Notice of Pre-AIA or AIA Status
The present application, filed on or after March 16, 2013, is being examined under the first inventor to file provisions of the AIA .
Claim Objections
Claim 6 is objected to because of the following informalities:
The limitation: “third finger position is a closed finger position” should be changed to “second finger position is a closed finger position”, to be consistent with the other limitations of the claim: “first finger position is an open finger position, and the third finger position is between the first finger position and the second finger position”.
Appropriate correction is required.
Claim Rejections - 35 USC § 103
In the event the determination of the status of the application as subject to AIA 35 U.S.C. 102 and 103 (or as subject to pre-AIA 35 U.S.C. 102 and 103) is incorrect, any correction of the statutory basis (i.e., changing from AIA to pre-AIA ) for the rejection will not be considered a new ground of rejection if the prior art relied upon, and the rationale supporting the rejection, would be the same under either status.
The following is a quotation of 35 U.S.C. 103 which forms the basis for all obviousness rejections set forth in this Office action:
A patent for a claimed invention may not be obtained, notwithstanding that the claimed invention is not identically disclosed as set forth in section 102, if the differences between the claimed invention and the prior art are such that the claimed invention as a whole would have been obvious before the effective filing date of the claimed invention to a person having ordinary skill in the art to which the claimed invention pertains. Patentability shall not be negated by the manner in which the invention was made.
Claims 1-3, 5, 9-13, and 18-20 are rejected under 35 U.S.C. 103 as being unpatentable over Bazarevsky et al, (US-PGPUB 20210174519) in view of Hu (US-PGPUB 20200250409)

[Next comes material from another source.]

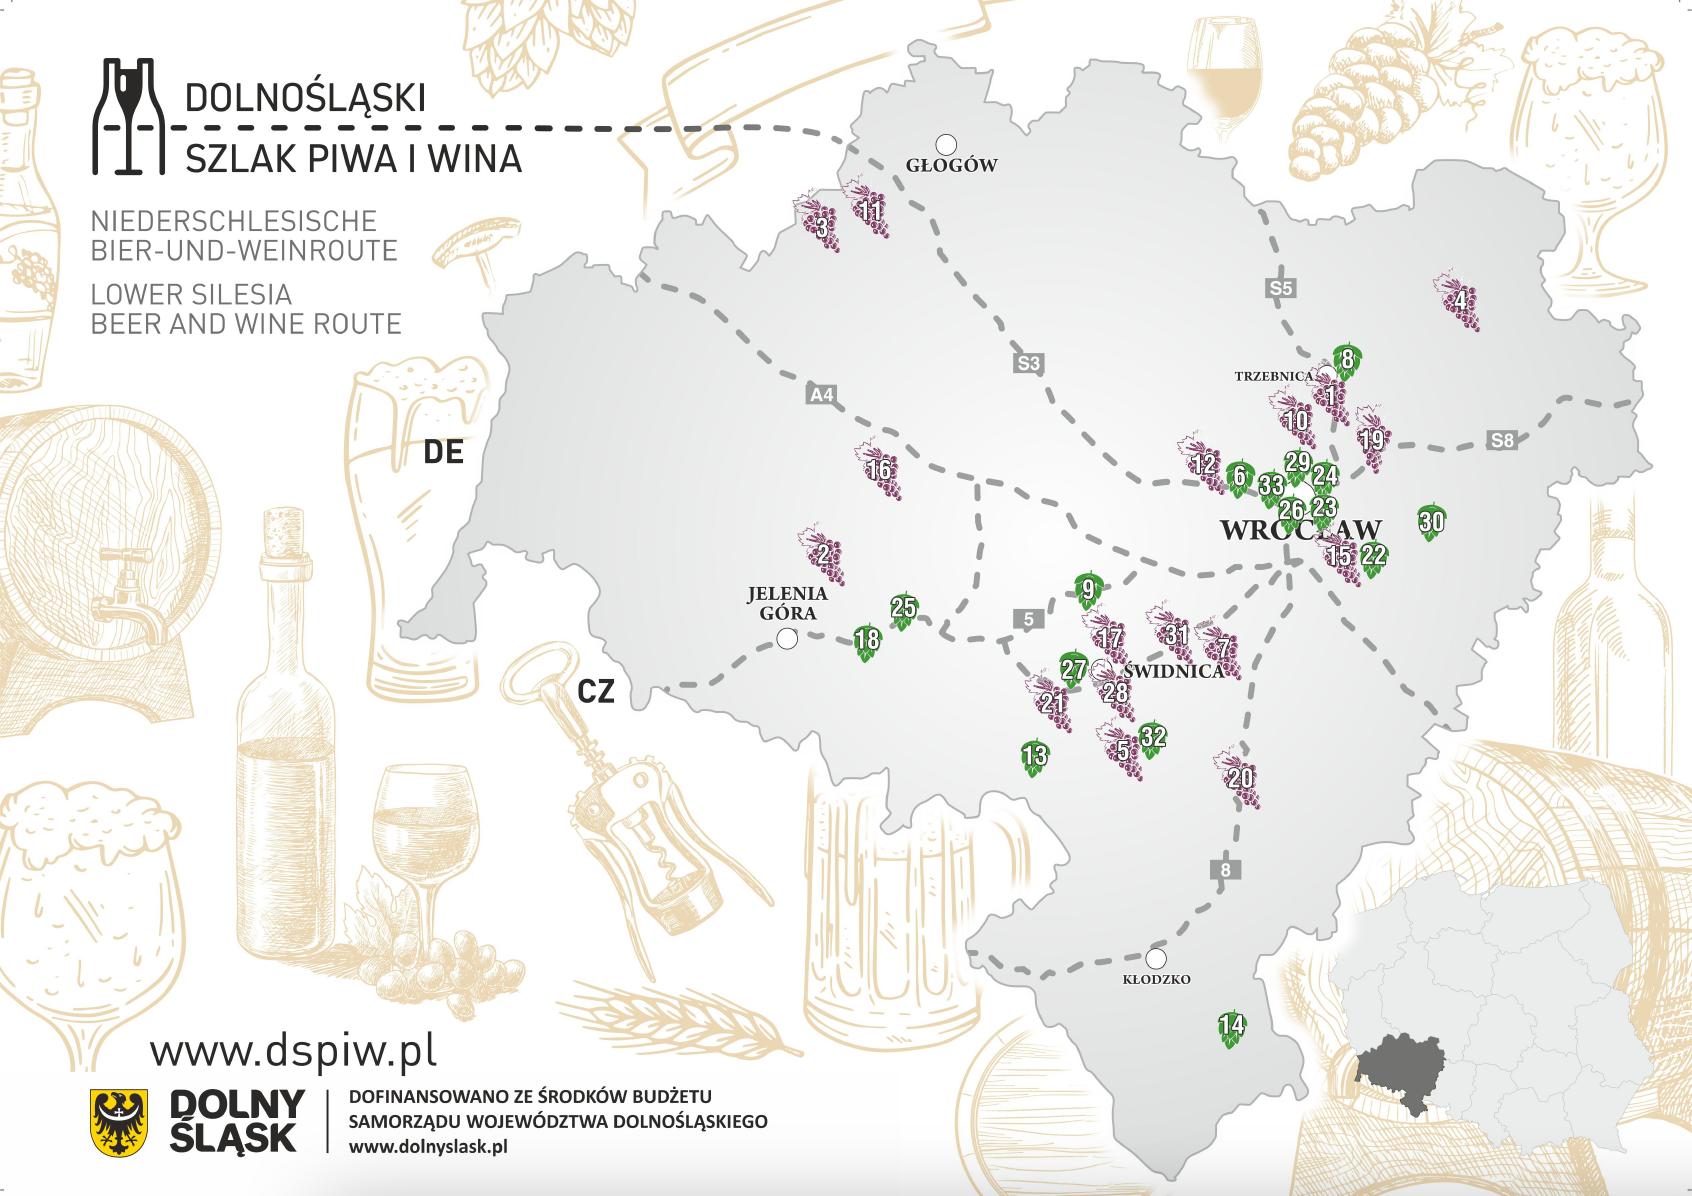 Dolnośląski Szlak Piwa i Wina mapa
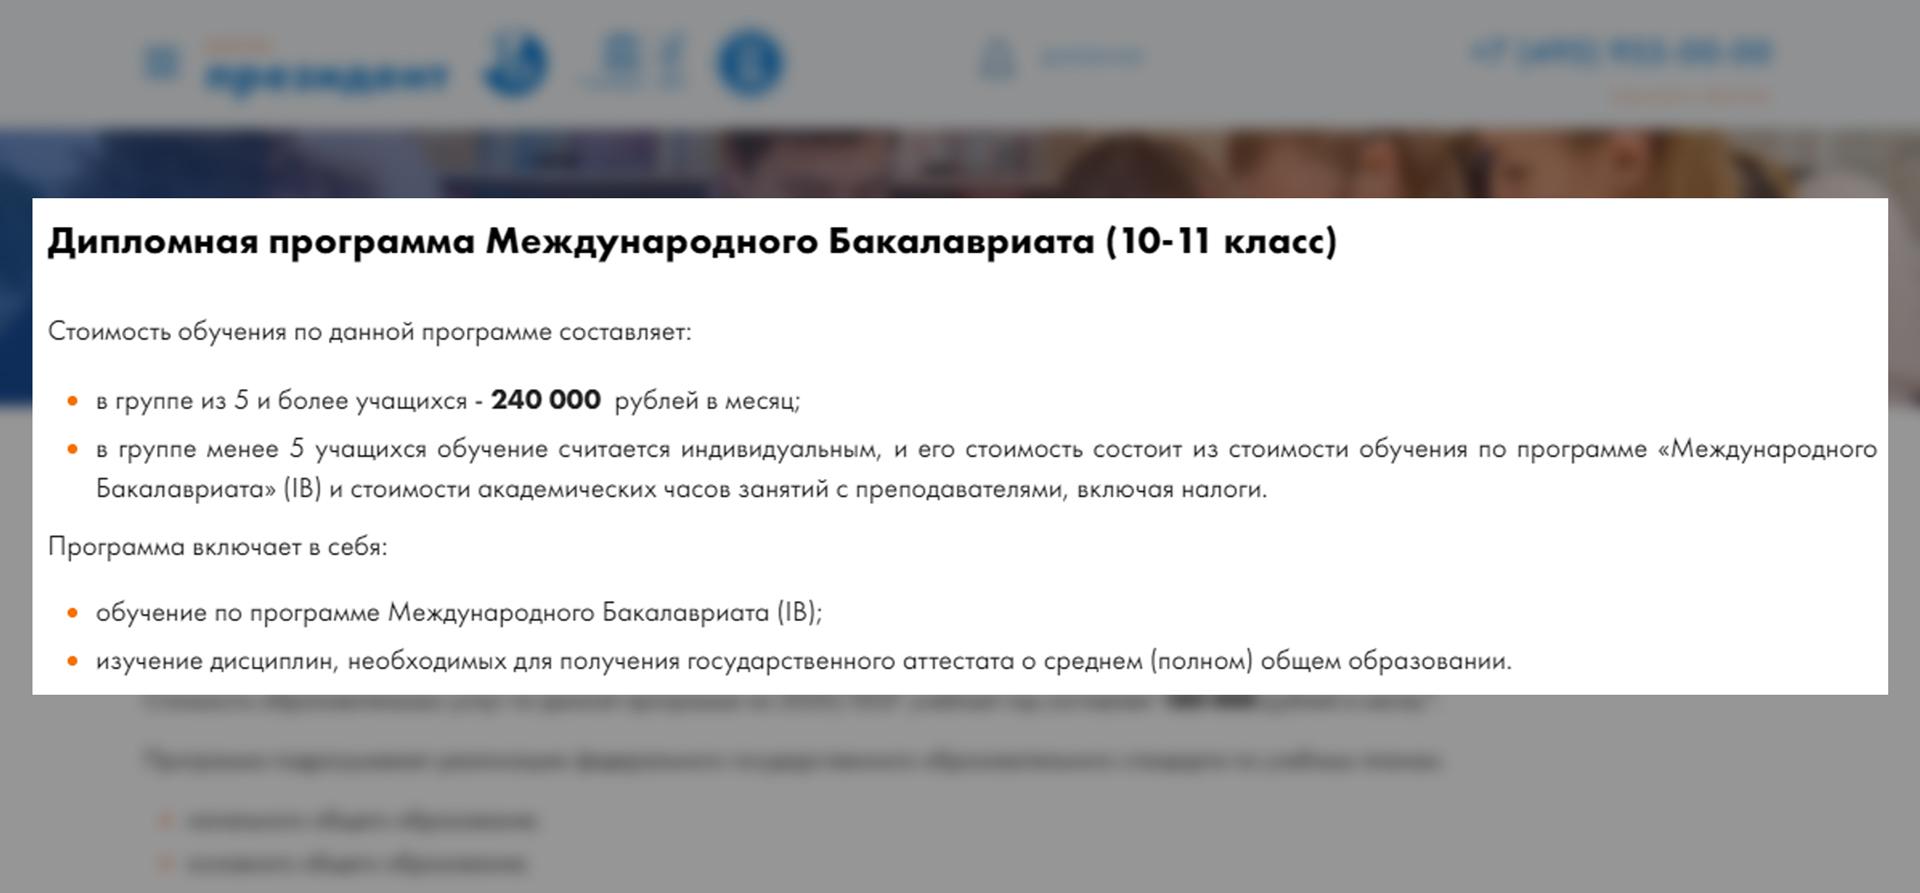 """Стоимость годового обучения в школе """"Президент"""" доходит до €240 000 в месяц (или 2 160 000 рублей в год по текущему курсу). © school-president.ru"""

In regards to claim 1, Bazarevsky discloses an apparatus for classifying a hand
gesture, (see at least: Fig. 1, “hand tracking system 100”), the apparatus comprising:
at least one memory; (2114 in Fig. 21a), and at least one processor, (2112 in Fig. 21a), coupled to the at least one memory and configured to:
determine a classification for the hand gesture, wherein the classification comprises the code associated with the one or more fingers of the hand, (see at least: Par. 0051-0052, the gesture recognition system can associate a gesture detected in an image frame to one or more pre-defined gestures at least in part by mapping the determined set of finger states to a set of pre-defined gestures. By mapping a set of finger states to pre-defined gestures, a system can be customized to a specific set of gestures, [which is technically equivalent to determining a classification for the hand gesture, based on determining specific set of gestures by mapping a set of finger states to pre-defined gestures, wherein the classification comprises the code associated with the one or more fingers of the hand, “the code correspond to the set of finger states”]).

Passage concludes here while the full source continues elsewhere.